Information Theoretic Study of COVID-19 Genome
Round 1
Reviewer 1 Report
Comments and Suggestions for AuthorsThe author presents a study of COVID19 and attempts to identify the potential origin of COVID19 virus. I have the following comments.
1. While the overall topic is interesting, the topic has been in-depth analyzed previously many times. How does this work differ from better from previous similar work?
2. I suggest the author try to explain the information theory in a more lament language in the context of COVID19.
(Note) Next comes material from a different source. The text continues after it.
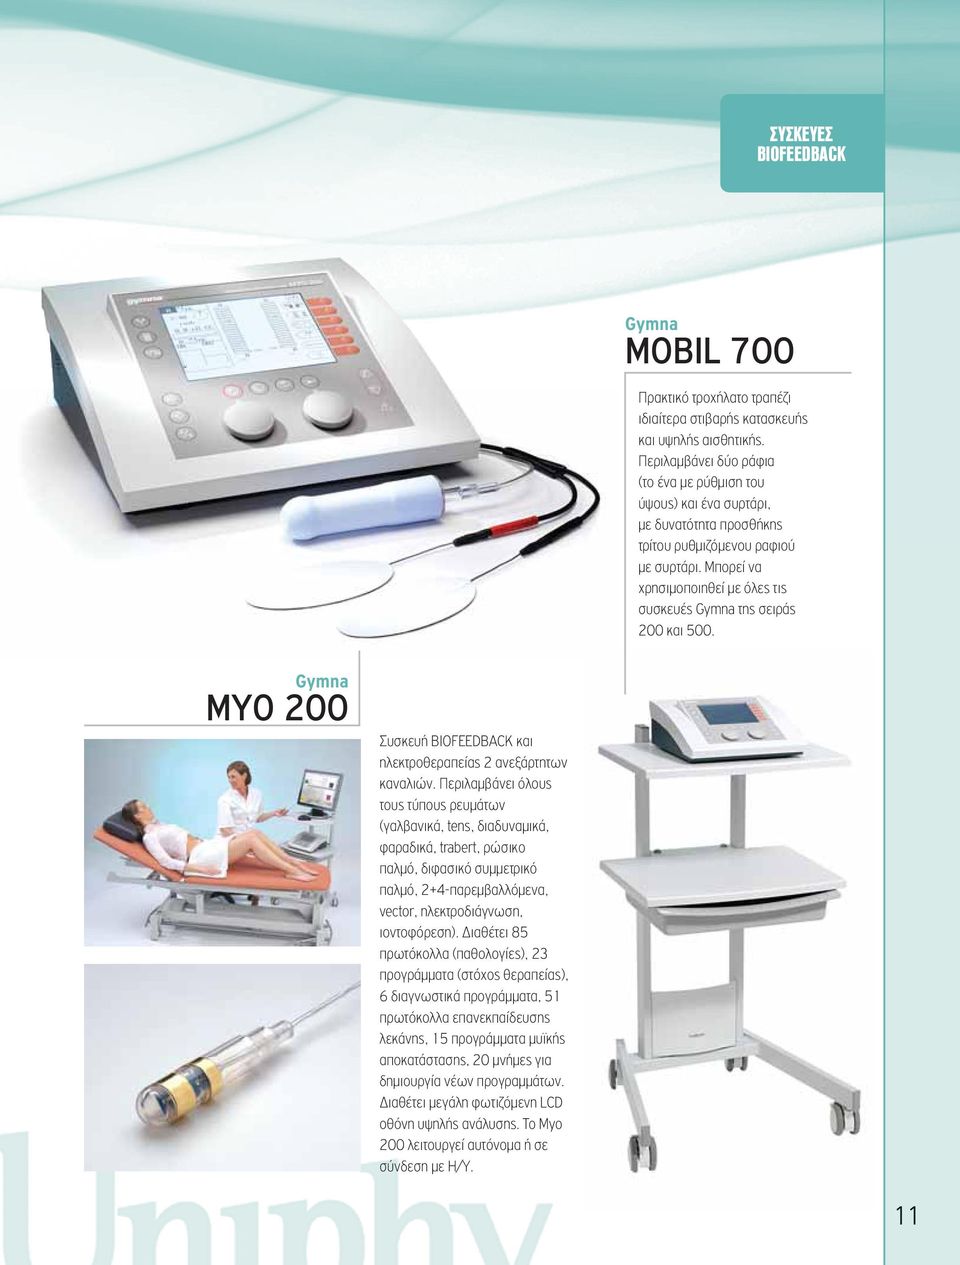 Μπορεί να χρησιμοποιηθεί με όλες τις συσκευές της σειράς 200 και 500. MYO 200 Συσκευή BIOFEEDBACK και ηλεκτροθεραπείας 2 ανεξάρτητων καναλιών.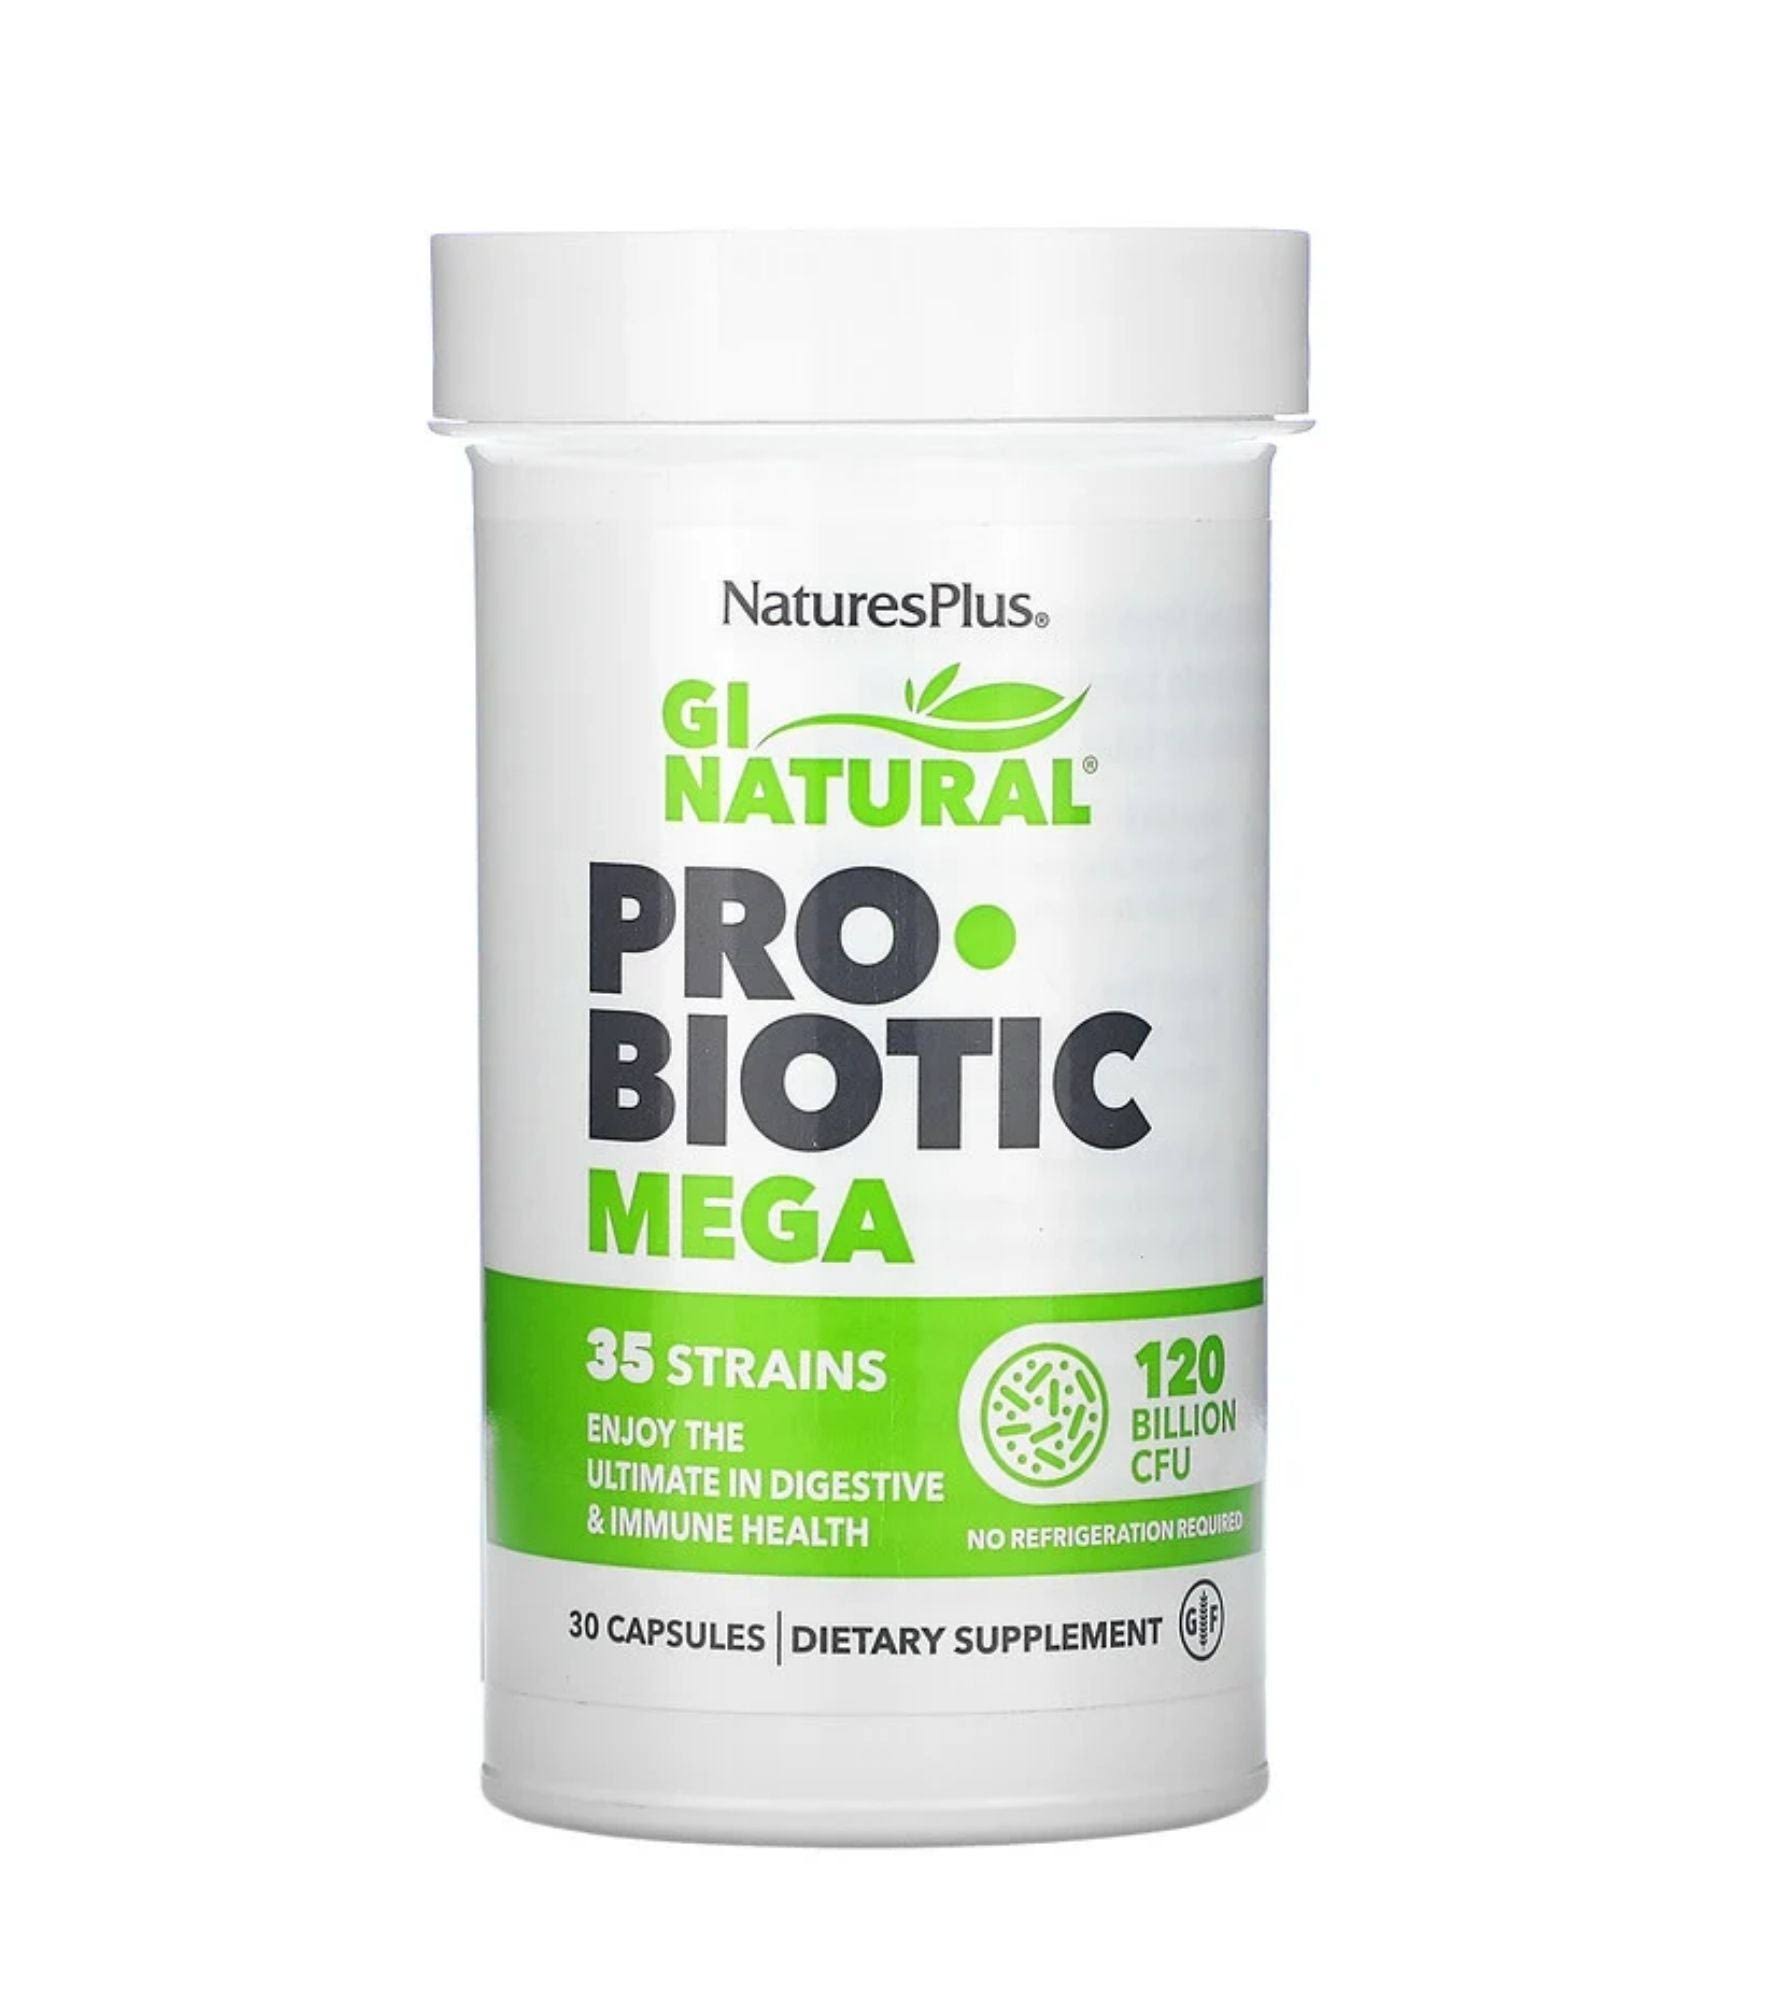 Nature's Plus Gi Natural Probiotic Mega 30 Capsules

3. Why is the method chosen better than BLAST or Smith-Waterman alignment?
Author Response
Thank you for the careful review.
I have extended the information theoretic part by giving more insights about the performance of the joint complexity computation via suffix trees. The joint complexity processing is linear in the size of the database and is thus of much lower complexity than Smith-Waterman algorithm, the latter being quadratic. I have not drawn precise comparisons with BLAST algorithm because the latter is difficult to analyze since it involves a learning phase based on various heuristics. But I expect the processing cost at most similar with the difference that joint complexity is backed by information theory.
I have inserted additional references accordingly.
Reviewer 2 Report
Comments and Suggestions for AuthorsThis study presents an elegant analysis of Covid 19 genome's relationships with other relevant genomes from an "agnostic" information-theoretic perspective. The analysis is carried out via the relatively novel concepts of joint complexity and weak/strong matching. The analysis is rigorous and convincing.
My main concern with the study is two-fold: first, it reaches the conclusions that are not particularly controversial, yet the author positions them as something of a revelation. Second, and related --- the author does not present a comprehensive picture of the complementary analyses in the literature (phylogenetics, etc.). In general, it is difficult to understand how the author's analysis and results fit in the broader picture --- there are hundreds of papers on Covid 19 phylogenies alone, and yet the References section in the manuscript is downright anemic.
In this reviewer's opinion, the manuscript would benefit greatly from the much expanded Background and Conclusion sections. Taking an agnostic position ("we are not interested in the bio/medical aspects and clues, it's just pure information theory!") might be refreshing and potentially productive, but the results should be assessed in the general context to be of interest to the broad audience.
Minor: Reference missing in line 38
Author Response
Thank you for your careful review,
I acknowledge that the paper does not provide breaking new insights in the SARS-2 genetic analysis. My point was more on the use of pure information theoretical tools for the analysis of the genome. I have put more emphasis on the main novelty of the paper which is the application of the joint complexity as a fast and efficient tool to detect similarities and pattern matchings without learning phases and heuristics. In this revised version I have amplified the computational aspects of the joint complexity processing and tried to compare in theory and practice with the classic alignment tools.
More references are added.
Round 2
Reviewer 1 Report
Comments and Suggestions for AuthorsThe authors addressed my comments.
Reviewer 2 Report
Comments and Suggestions for AuthorsA moderately expanded context (including in Abstract and Introduction), absence of which was my major concern in the first review round, should be helpful in attracting the proper audience for this study. The paper is ready for publication now.